| AVAILABLE DATA |
•••
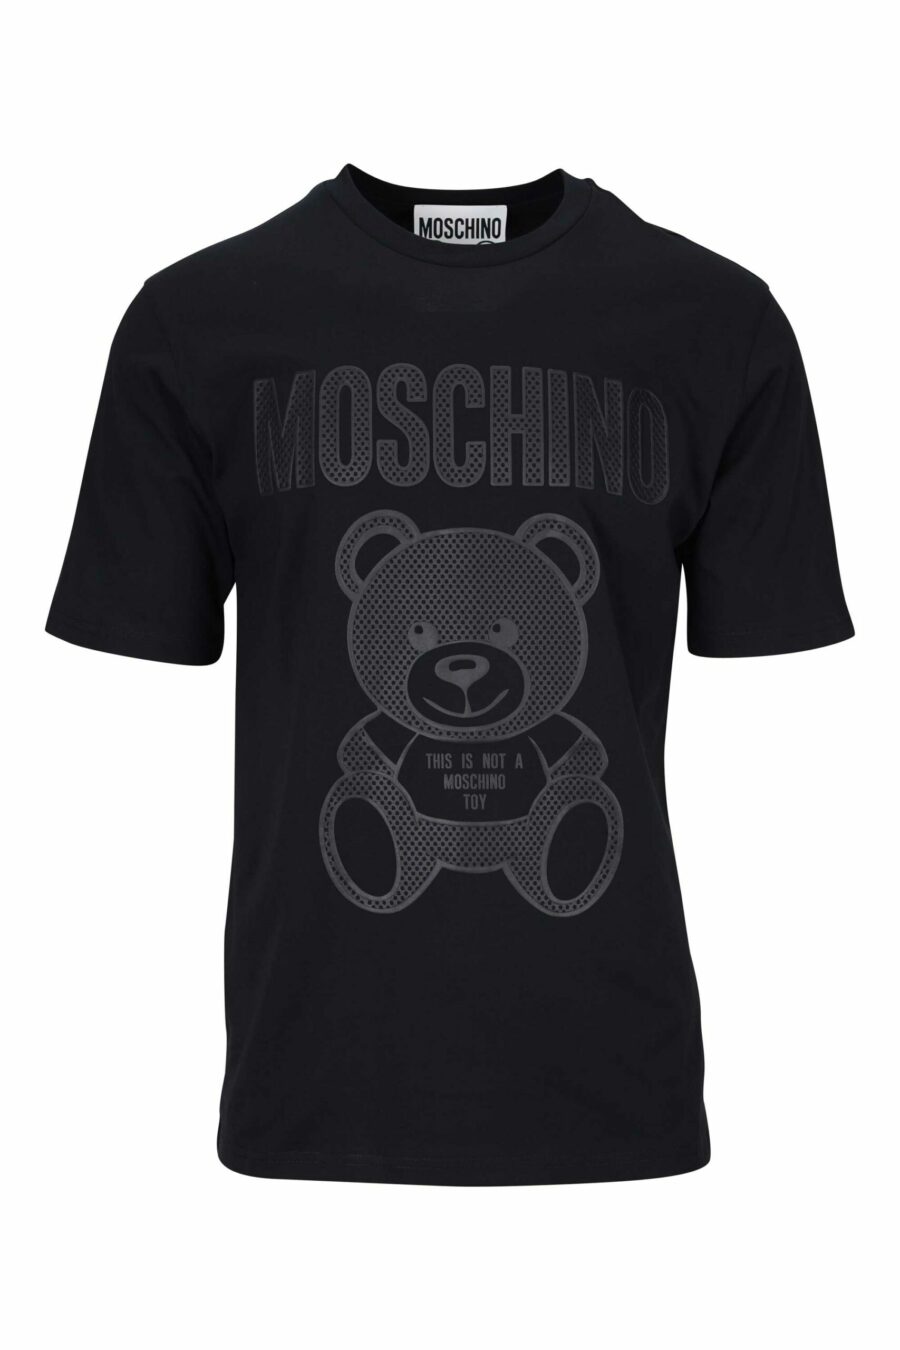 T-shirt noir avec maxilogo ours monochrome à pois - 667113455754 scaled
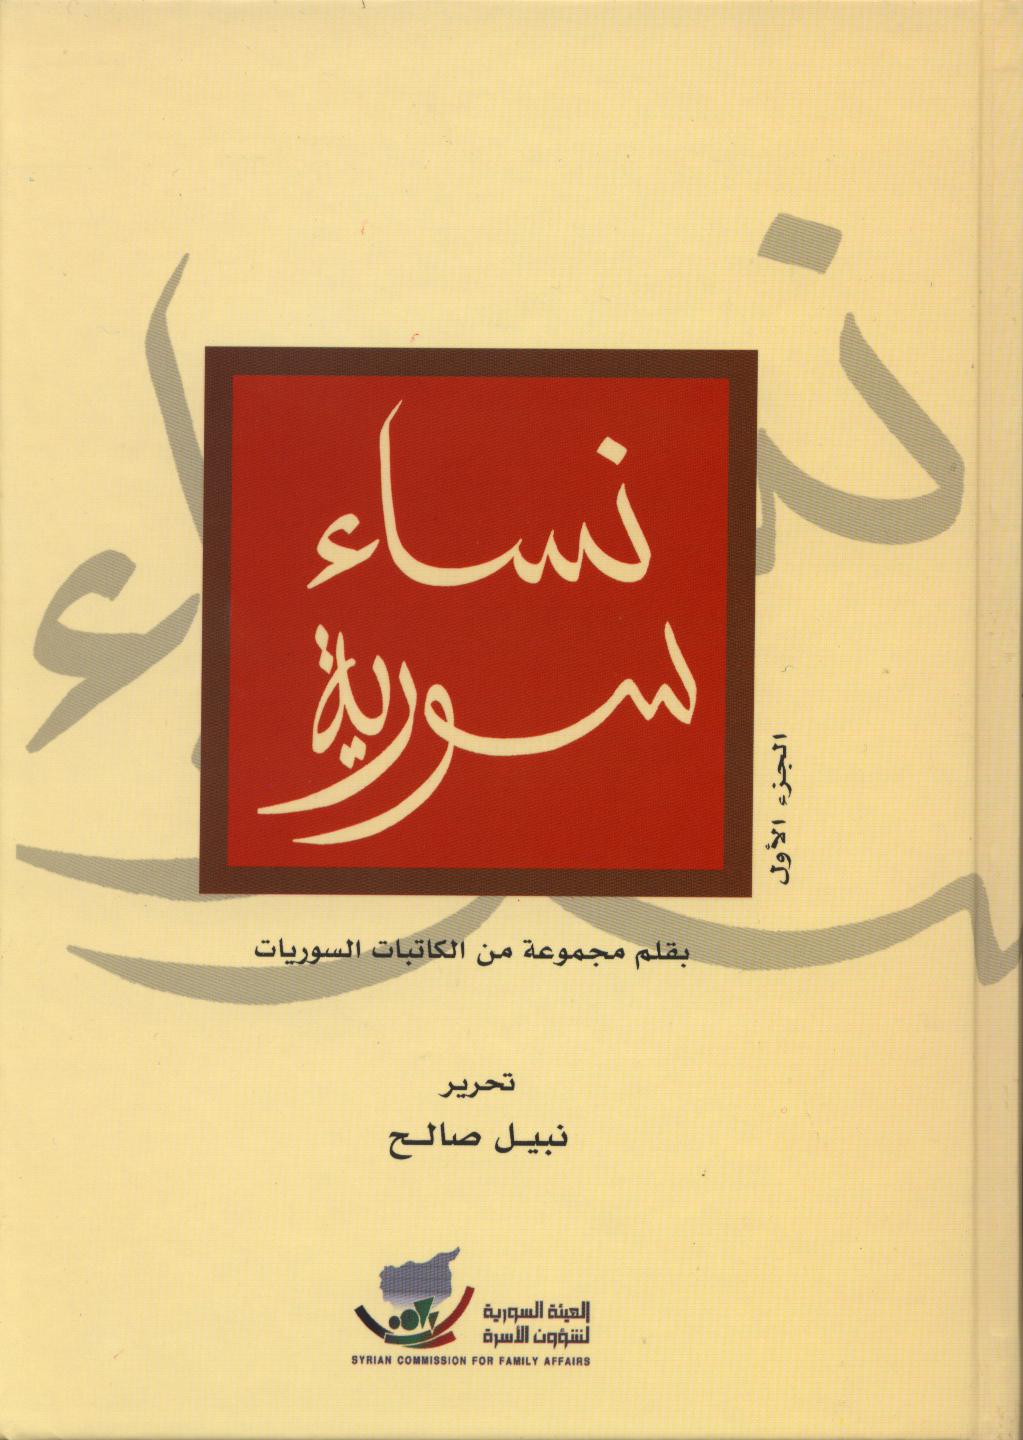 كتاب "نساء سورية"2008
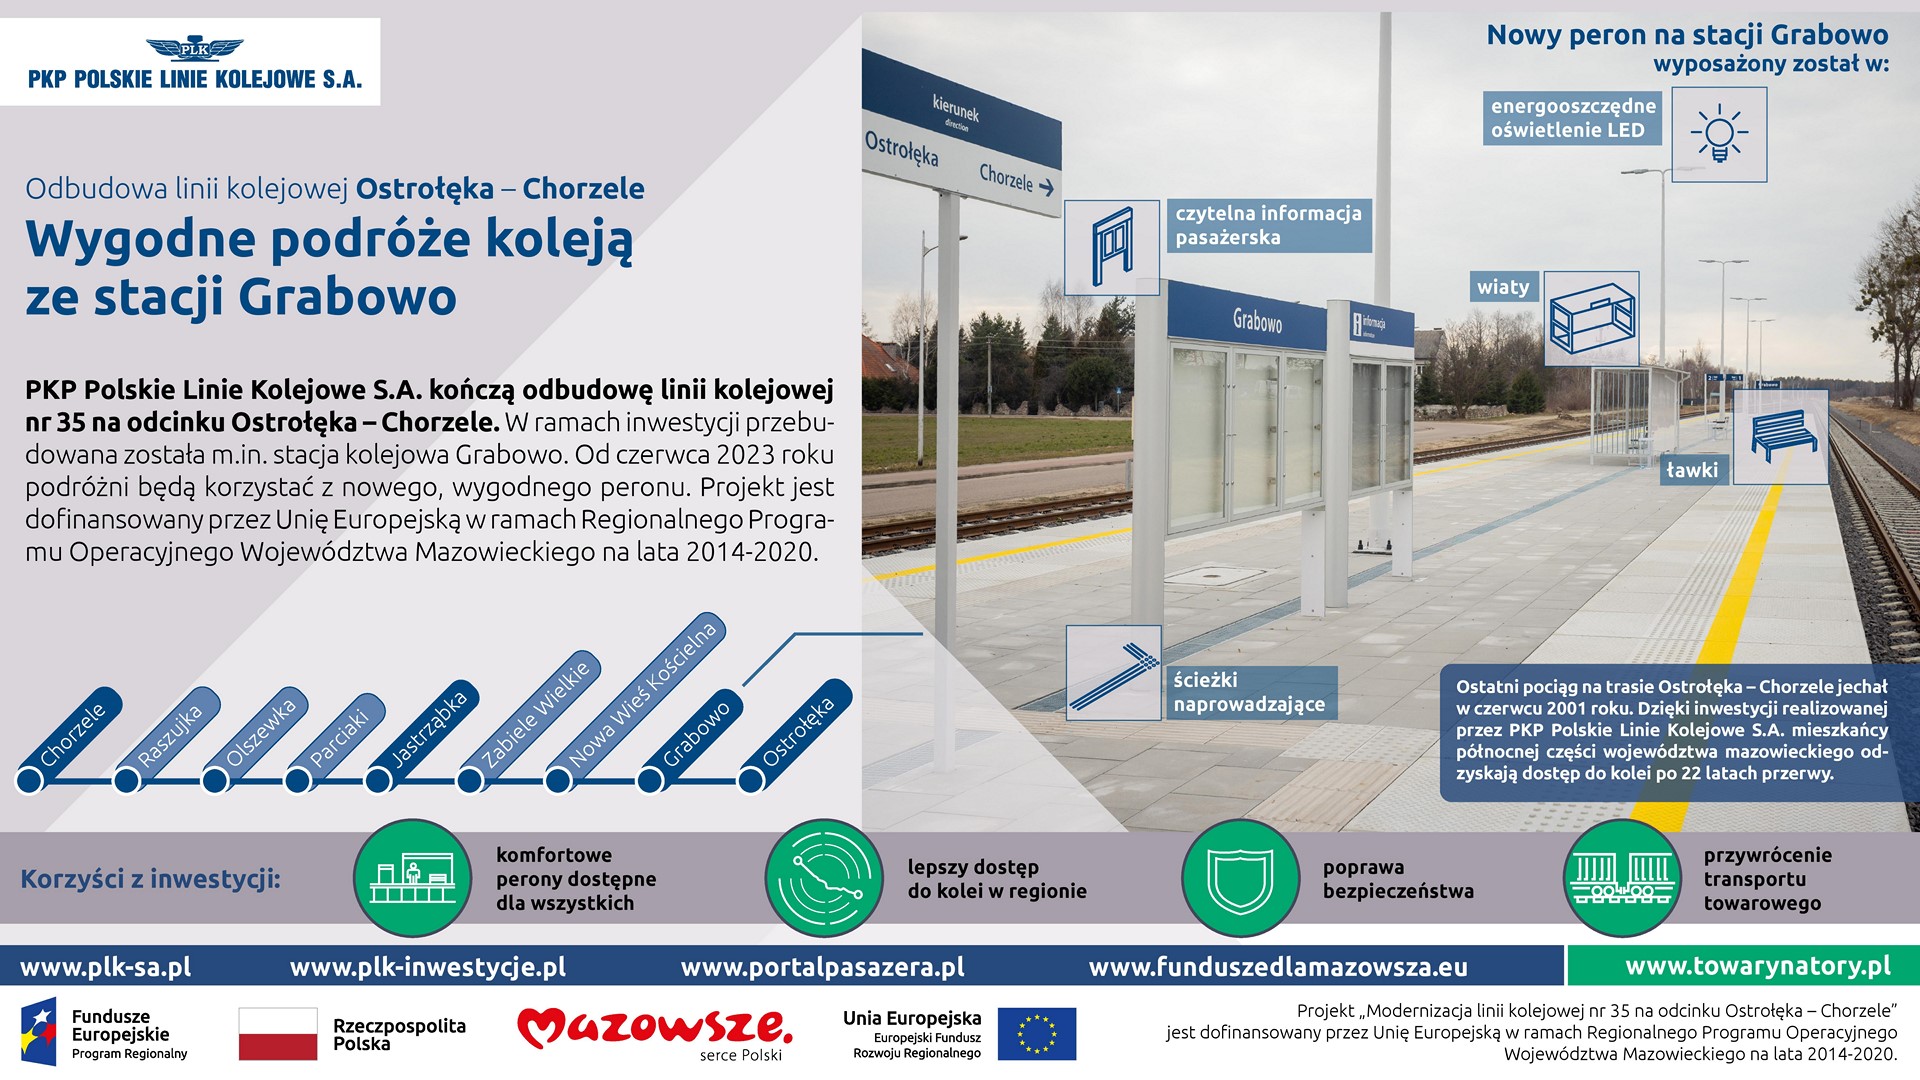 Infografika mówi o zmianach na stacji w Grabowie.
•••
| WORK TO COMPLETE |
Leave the pictures out and copy the rest of the data exactly.

| YOUR RESPONSE |
 T-shirt noir avec maxilogo ours monochrome à pois - 667113455754 scaled
 كتاب "نساء سورية"2008
 Infografika mówi o zmianach na stacji w Grabowie.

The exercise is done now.